Known as a one man tour-de-force, Greg Greenway is a formidable presence in the modern singer-songwriter arena. He is a powerhouse singer and guitarist with a notable talent for expressing universal emotions in personal frames, and a songwriter whose melodies resonate in your head for days. He has been described as "one of the strongest, and finest voices in folk music." The Boston Globe wrote, "He made his mark on the national folk scene with the foot-stomping passion of his shows, but also with a winning and credible between-song intimacy." His performances take listeners on musical journeys tracing his many varied influences; the passion of Richie Havens, the lyrical guitar of James Taylor, and the rhythmic politics of Peter Gabriel.

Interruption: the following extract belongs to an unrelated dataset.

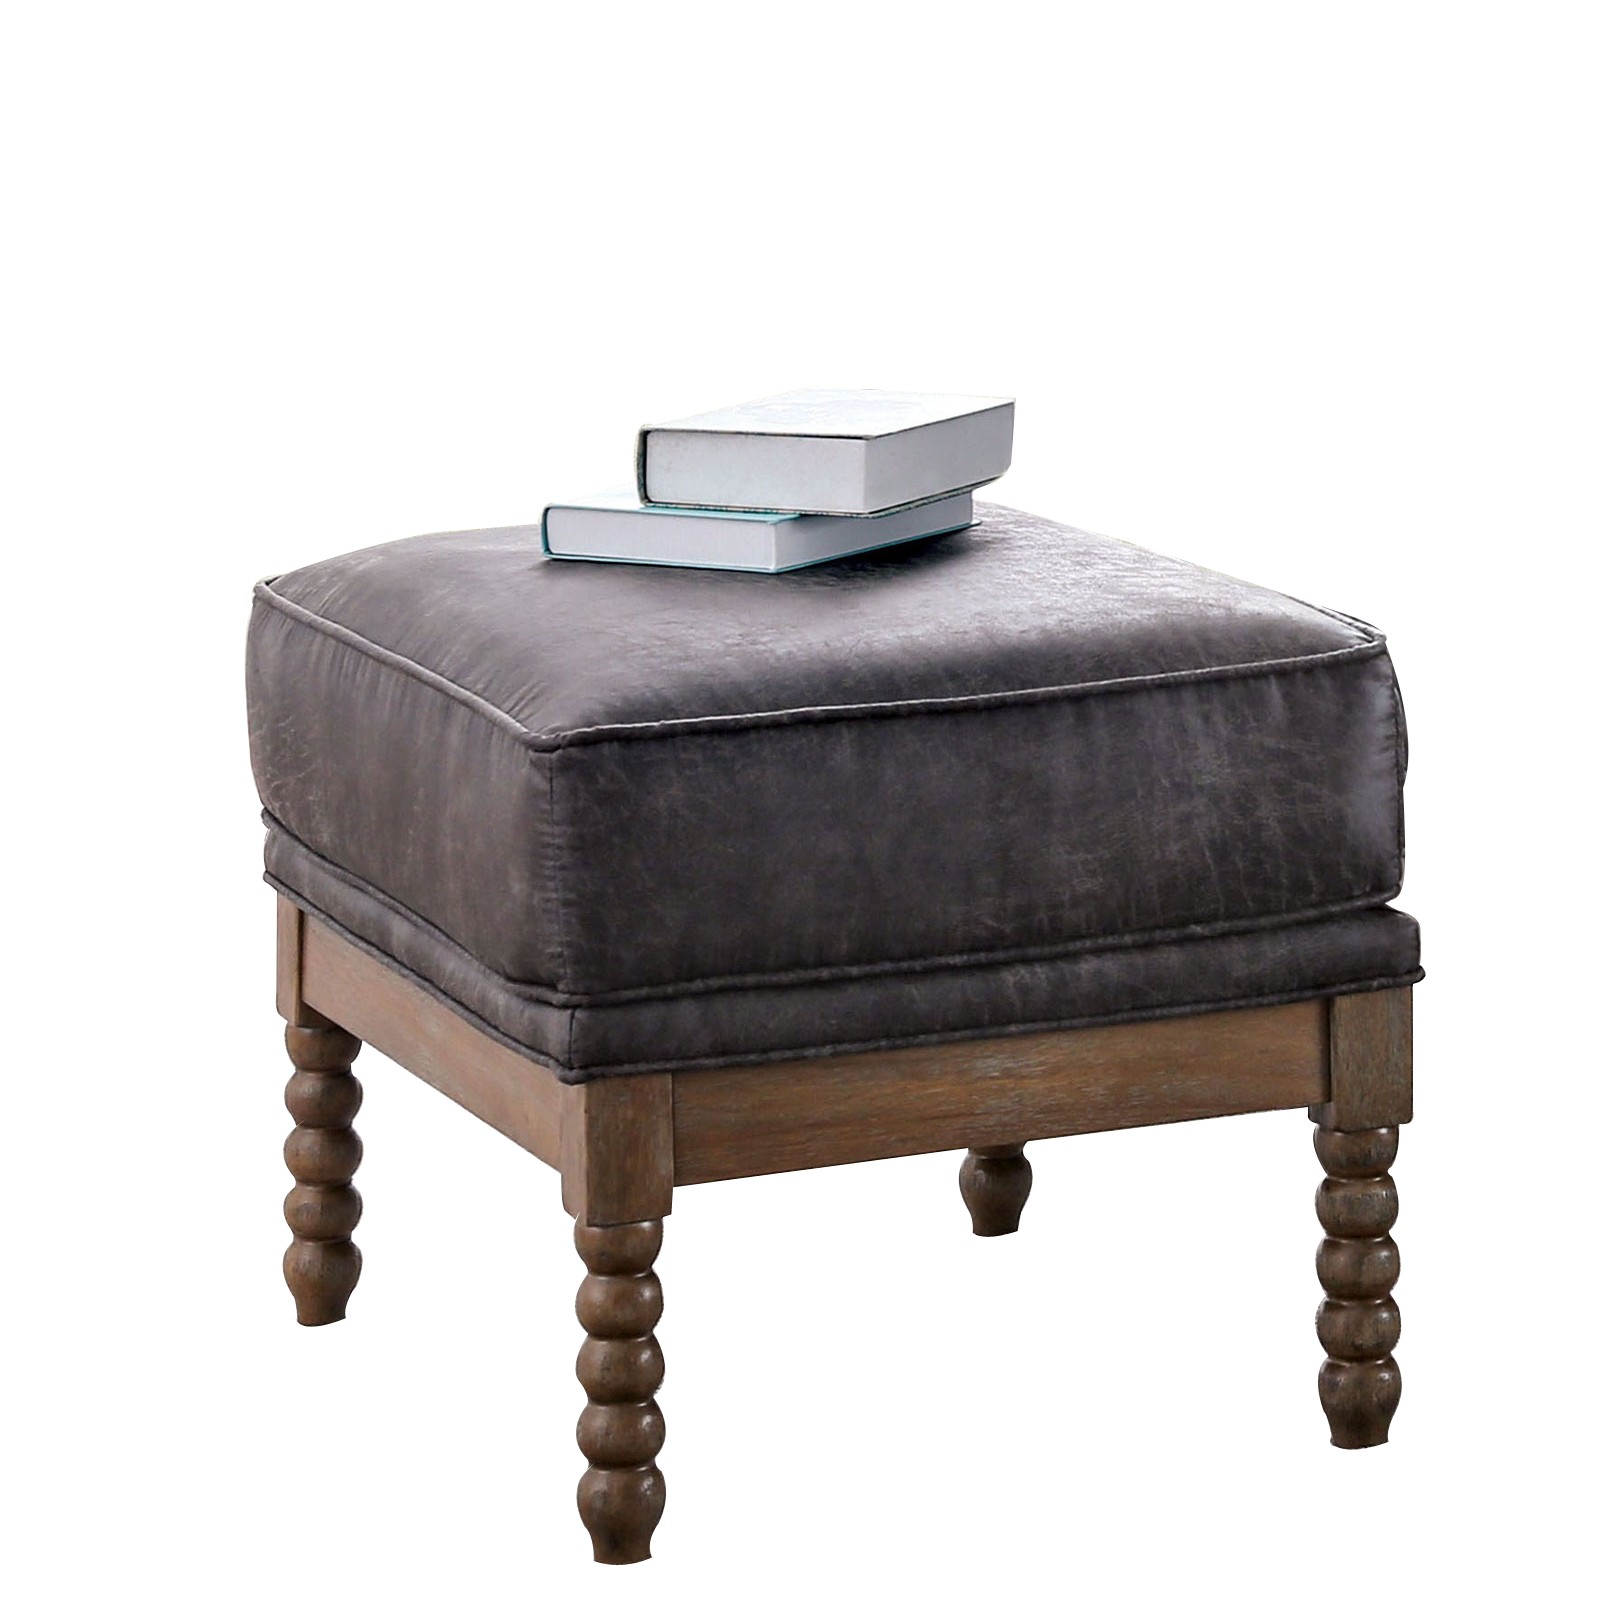 Traditional leatherette wooden ottoman with beaded legs

One Cambridge promoter is fond of introducing Greg with "fasten your seatbelts, this next performer is going to take you for a ride." It is "a ride" of personal communication, full of laughter and intensity, darkness and light. The result is a unique and unmistakably dynamic talent. Greenway's critically acclaimed debut album, A Road Worth Walking Down, was nominated for two Boston Music Awards; Singing For the Landlord, Greg's first release on Eastern Front Records, was placed in the top five CDs for 1995 on the Internet Folk DJ list; and Mussolini's Head, released in June of 1998, has continued that tradition.
Mr. Greenway's critically acclaimed debut album, A Road Worth Walking Down, was nominated for two Boston Music Awards. He has been included on numerous compilations, including Putumayo World Music's Shelter, Christine LavinÆs Big Times in a Small Town and Laugh Tracks, Performing Songwriter magazine's Top Twelve do it Yourselfers, and Black Wolf Records' This is Boston, Not Austin. Other highlights have been a performance at Carnegie Hall in the New York Singer/Songwriter Festival which was rebroadcast on NPR's World Cafe, and an appearance at the WHYY Phil Ochs Concert in Philadelphia with Joan Baez, Dar Williams, Tom Paxton, and others.